This repository is the official implementation of Compressing Images by Encoding Their Latent Representations with Relative Entropy Coding.

Requirements

The project is structured as a python package, and should be installed as such. Concretely, once the repository has been cloned, navigate to its root directory and using the appropriate python environment, run

> pip install -r requirements.txt

Datasets

We used the Cifar10, ImageNet32, CLIC 2018 and Kodak datasets for our experiments. Cifar10 and ImageNet32 are readily available on tensorflow/datasets and will be automatically downloaded to your computer once you run the training or evaluation code.

The CLIC 2018 dataset is available at https://data.vision.ee.ethz.ch/cvl/clic/professional_train.zip

The Kodak dataset is available at http://r0k.us/graphics/kodak/

Project Layout

The code was written and tested using Python 3.6. The code uses the Sacred framework for running the experiments, therefore the configuration options for any of the example files presented below can be displayed by running

python <experiment_file.py> print_config

The project files can be found in the rec directory. In particular, the implementation of iREC can be found in rec/coding, and the implementation of the VAE models can be found in rec/models.

The experiments can be found in the examples directory.

Training

RVAEs for Lossless Compression

Assuming you wish to save the model to <model/save/path> and the datasets should be downloaded to <datasets/base/path>, to train the RVAE used in the experiments presented in the paper, run

python examples/lossless/train_generative_model.py with model=resnet_vae num_res_blocks=24 \
       model_save_base_dir=<model/save/path> dataset_info.dataset_name=<cifar10/imagenet32> \
       dataset_info.dataset_base_path=<datasets/base/path> iters=500000 lamb=0.1

For more information on RVAEs, see Kingma et al. (2016).
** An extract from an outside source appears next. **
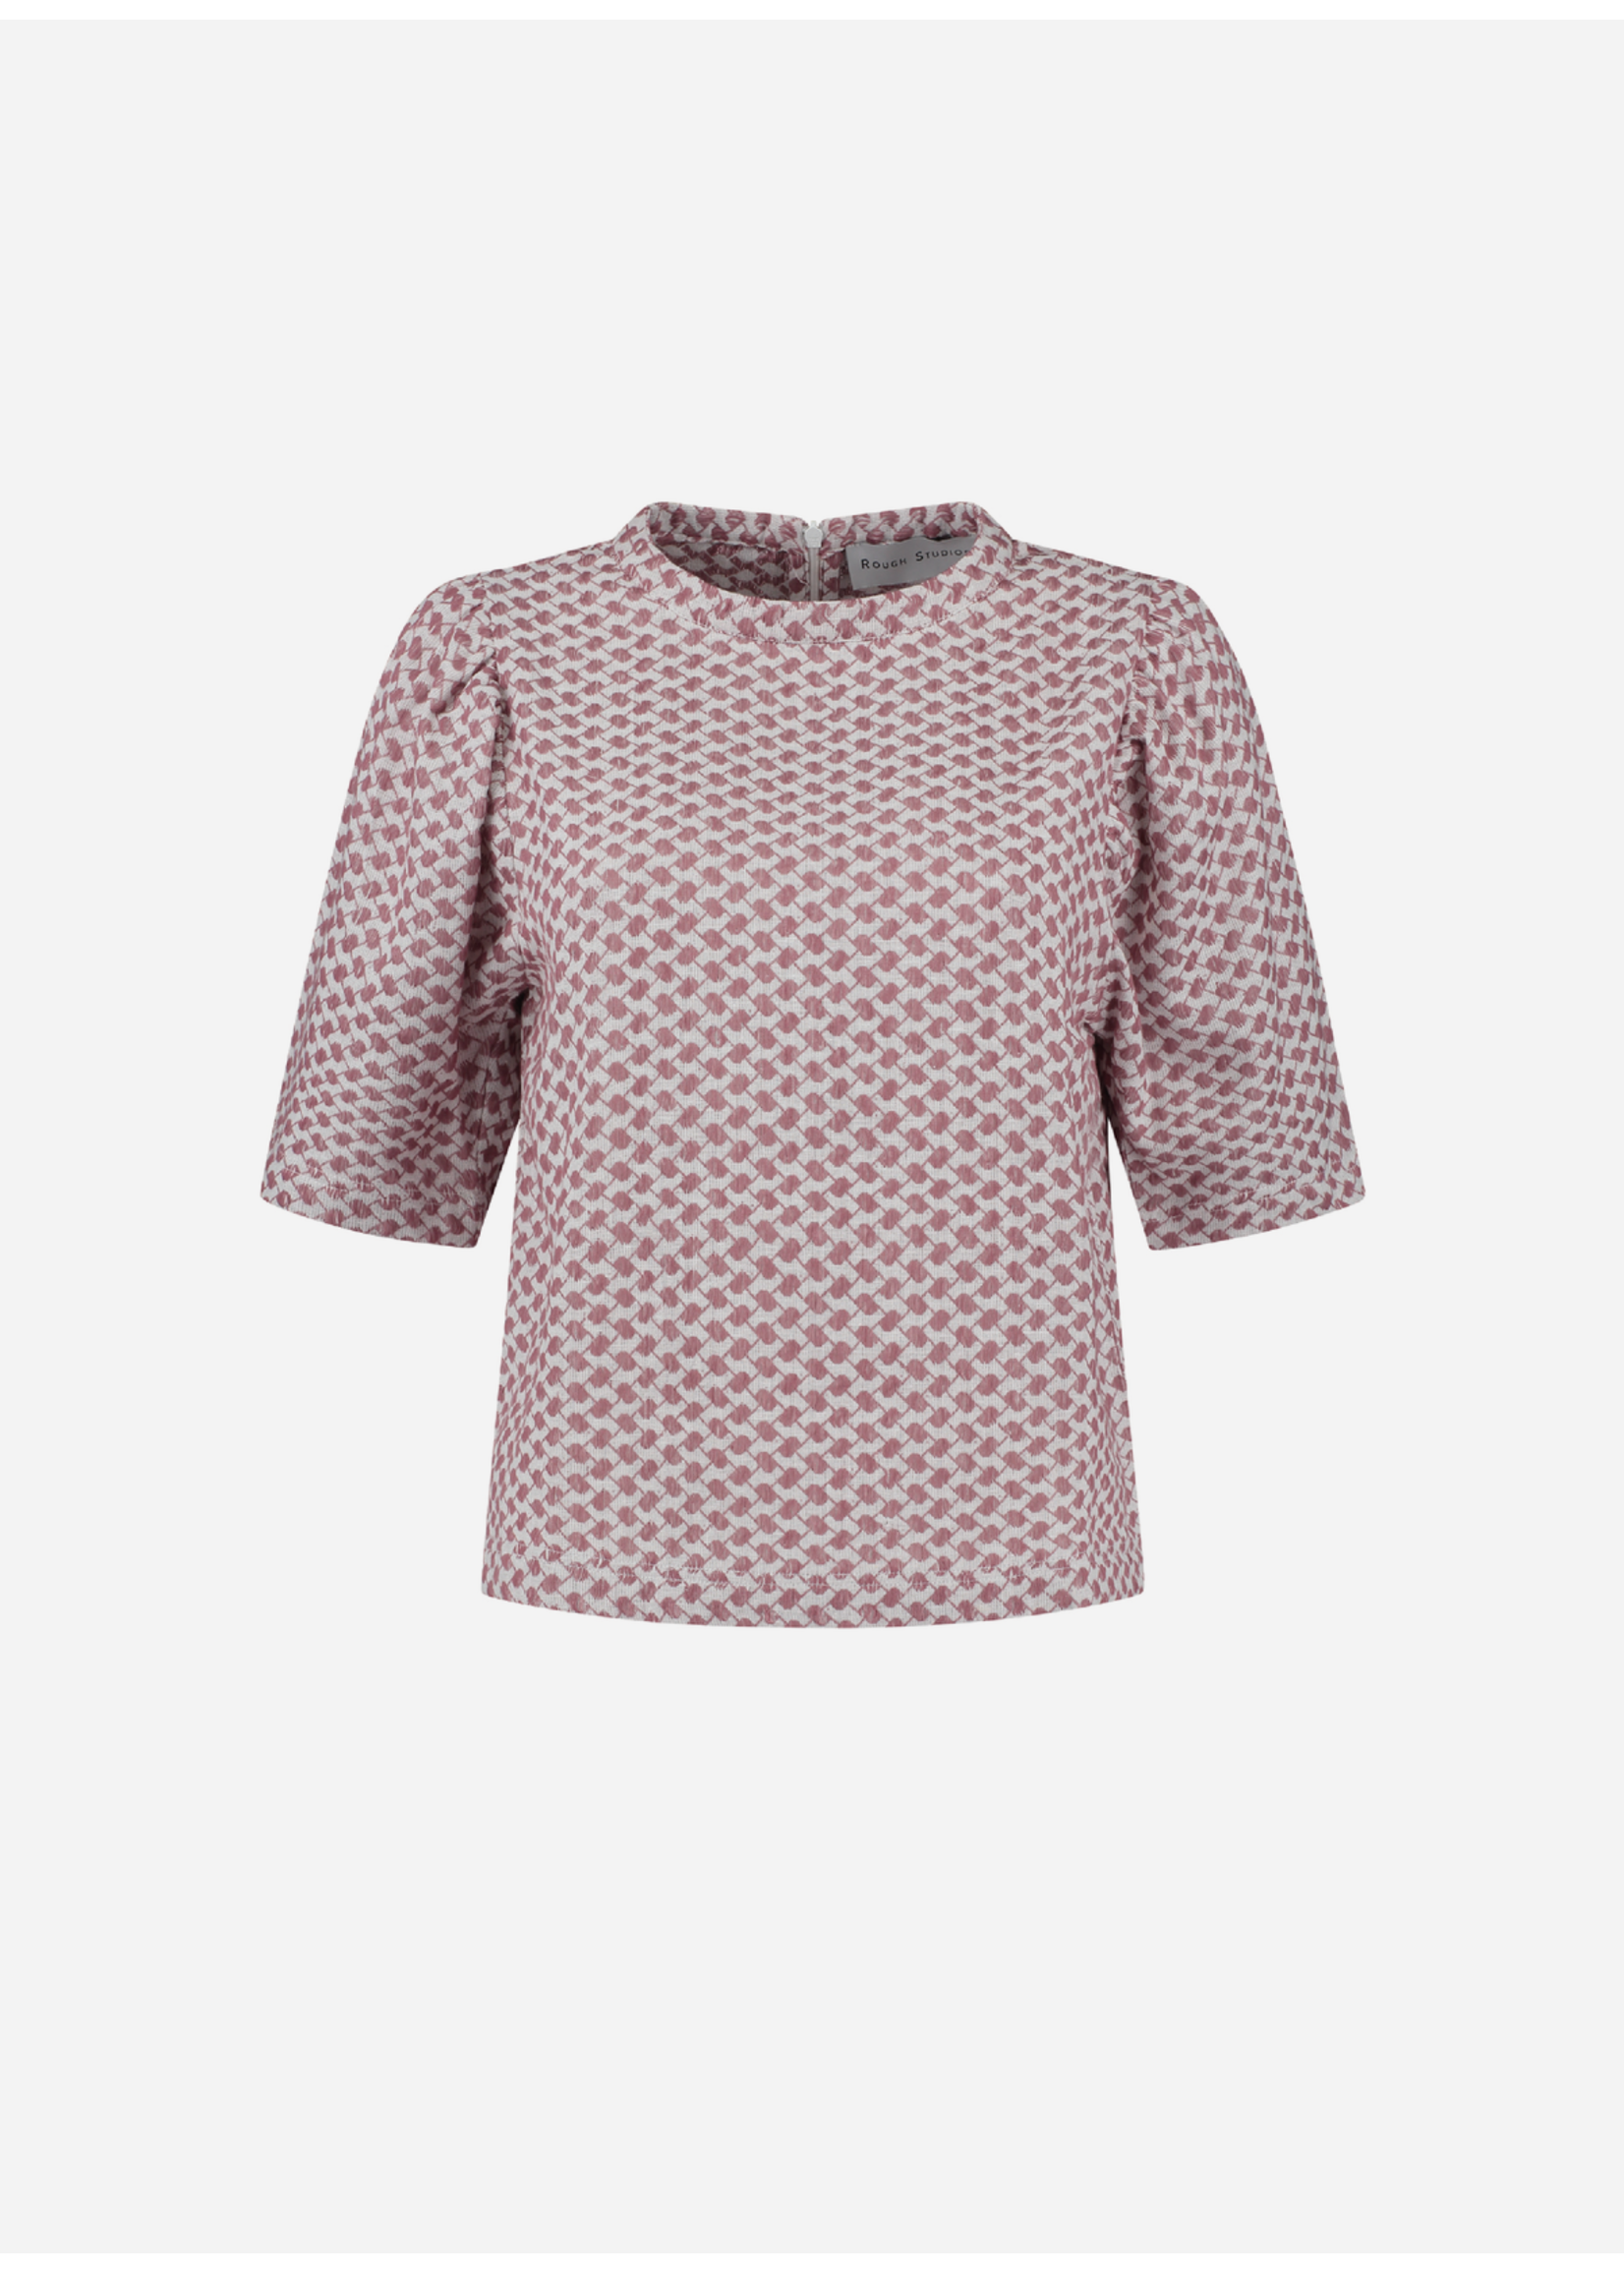 Rough Studios Simone shirt pink/white

Two Level VAE for Lossy Compression

Using similar assumption about model save paths and dataset paths as above, the two level VAE used in the paper can be trained by running

python examples/lossy/train_lossy_model.py with model=large_level_2_vae \
       model_save_base_dir=<model/save/path> dataset.dataset_name=<cifar10/imagenet32> \
       dataset.dataset_base_path=<datasets/base/path> loss_fn=mse iters=200000 beta=0.01 

Note: the parameter beta corresponds to lambda = {0.001, 0.003, 0.01, 0.03, 0.05} in the paper. For more information about the architecture and its components see Ballé et al. (2016) and Ballé et al. (2018).

Monitoring the Training Procedure

The training in both cases can be monitored using Tensorboard by running

tensorboard --logdir <path/to/model/save/dir>

Evaluation

Lossless Compression Using the RVAE

To compress images using the settings used in the paper, run

python examples/lossless/compression_performance.py with model=resnet_vae model_save_dir=<path/to/model> \
       dataset_info.dataset_name=<dataset_name> dataset_info.dataset_base_path=<datasets/base/path> \
       dataset_info.split=test mode=compress num_test_images=1 sampler=beam_search n_beams=20 \
       extra_samples=1.2 kl_per_partition=3.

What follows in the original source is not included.